▸ **About this task**
Copy the data exactly. Images are to be left out.

▸ **Material provided**
***

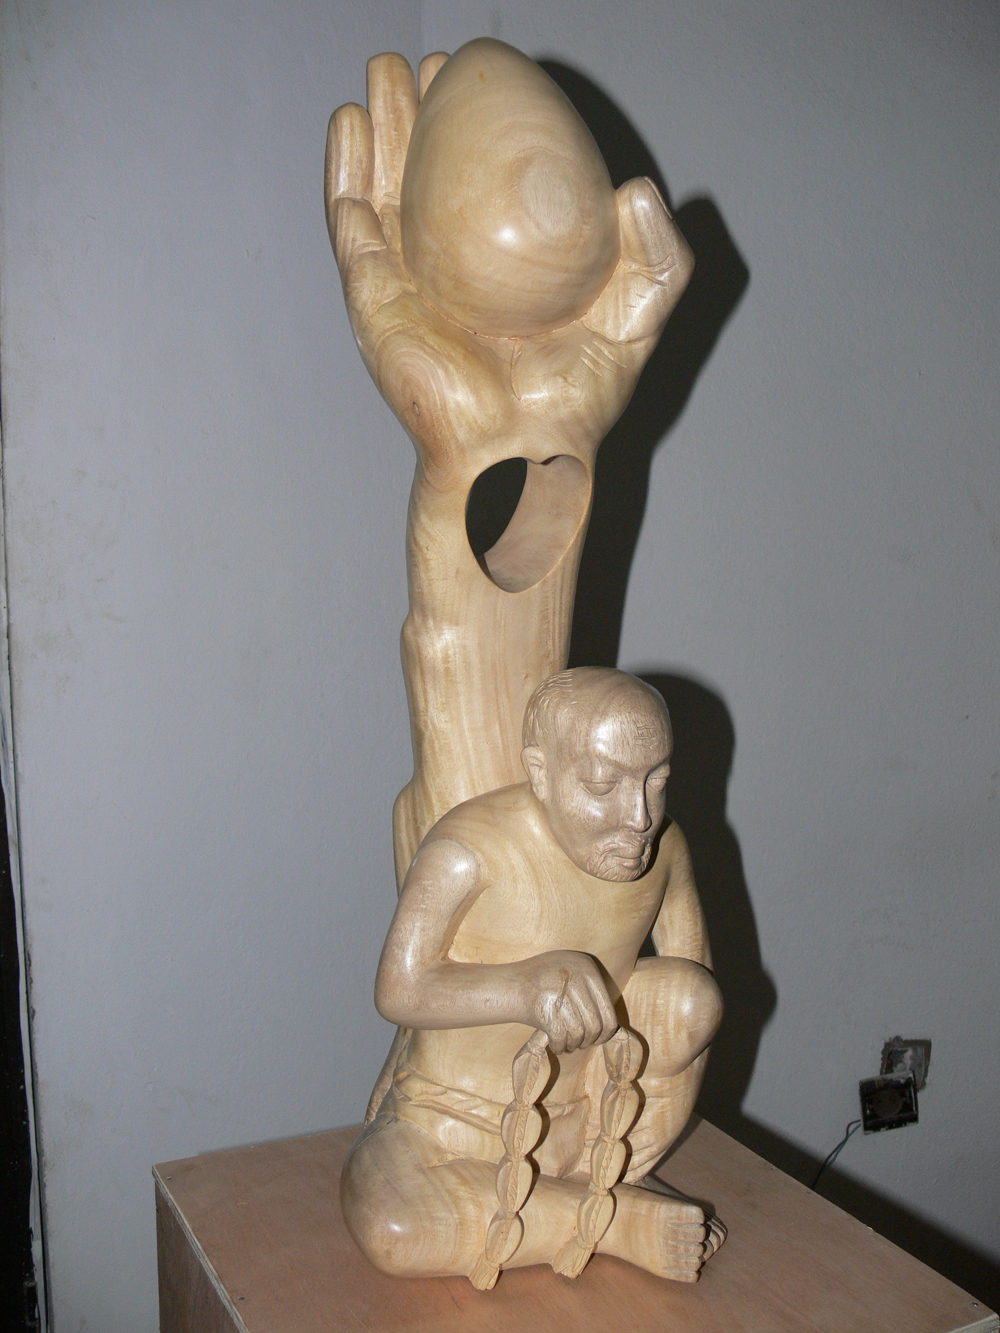 2015 WWD, regional event, Benin, wood sculpture competition, exhibition
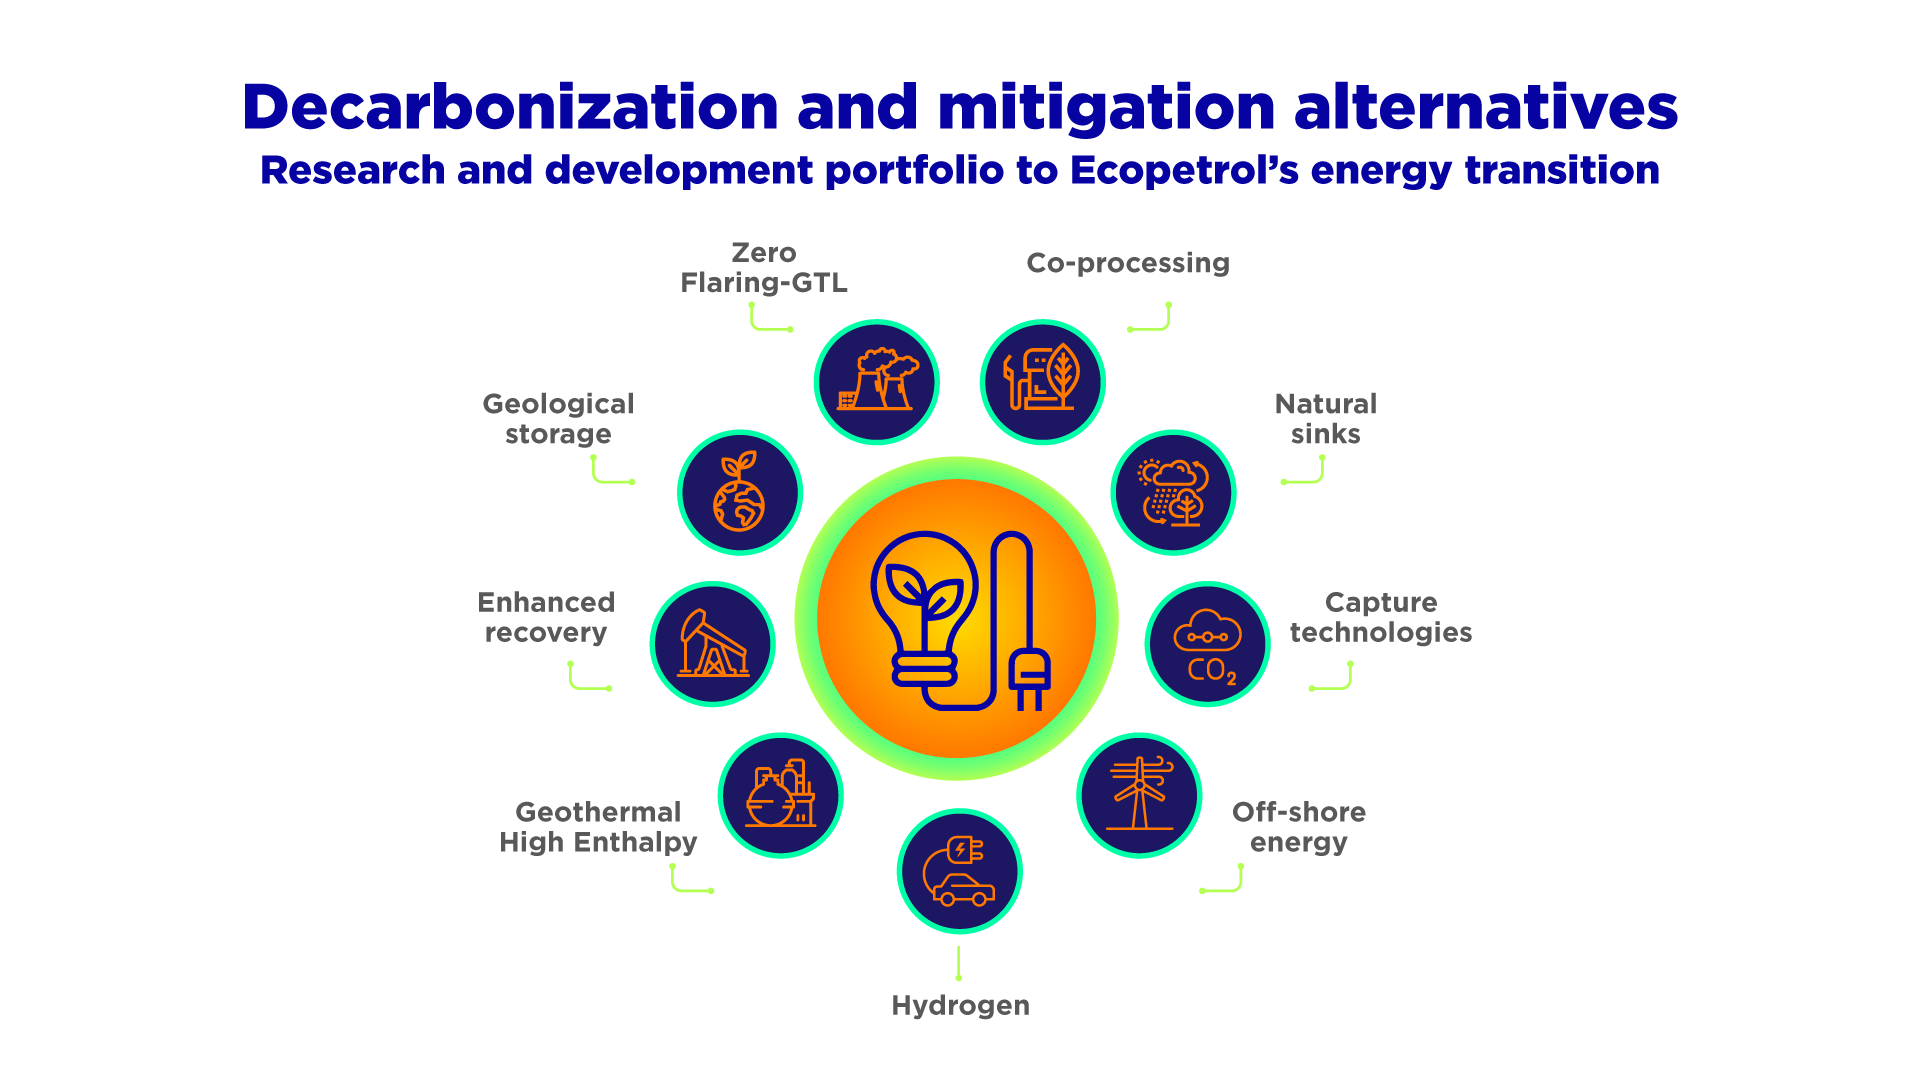 Decarbonization and mitigation alternatives
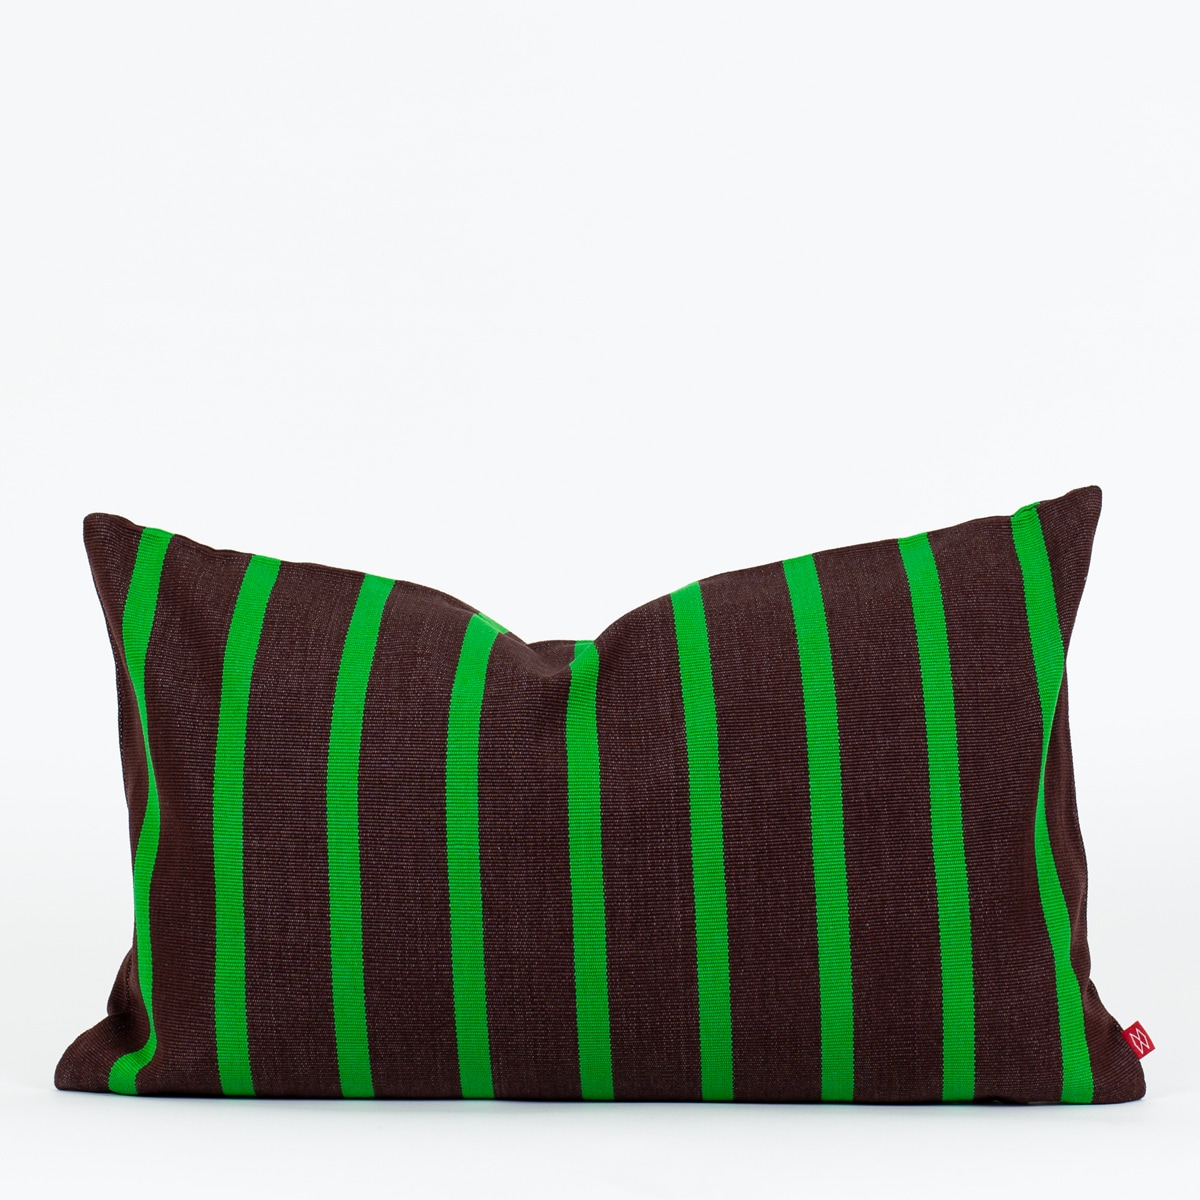 AMERICA Cushion cover 30x50, brown/green

***

▸ **Problem solution**
 2015 WWD, regional event, Benin, wood sculpture competition, exhibition
 Decarbonization and mitigation alternatives
 AMERICA Cushion cover 30x50, brown/green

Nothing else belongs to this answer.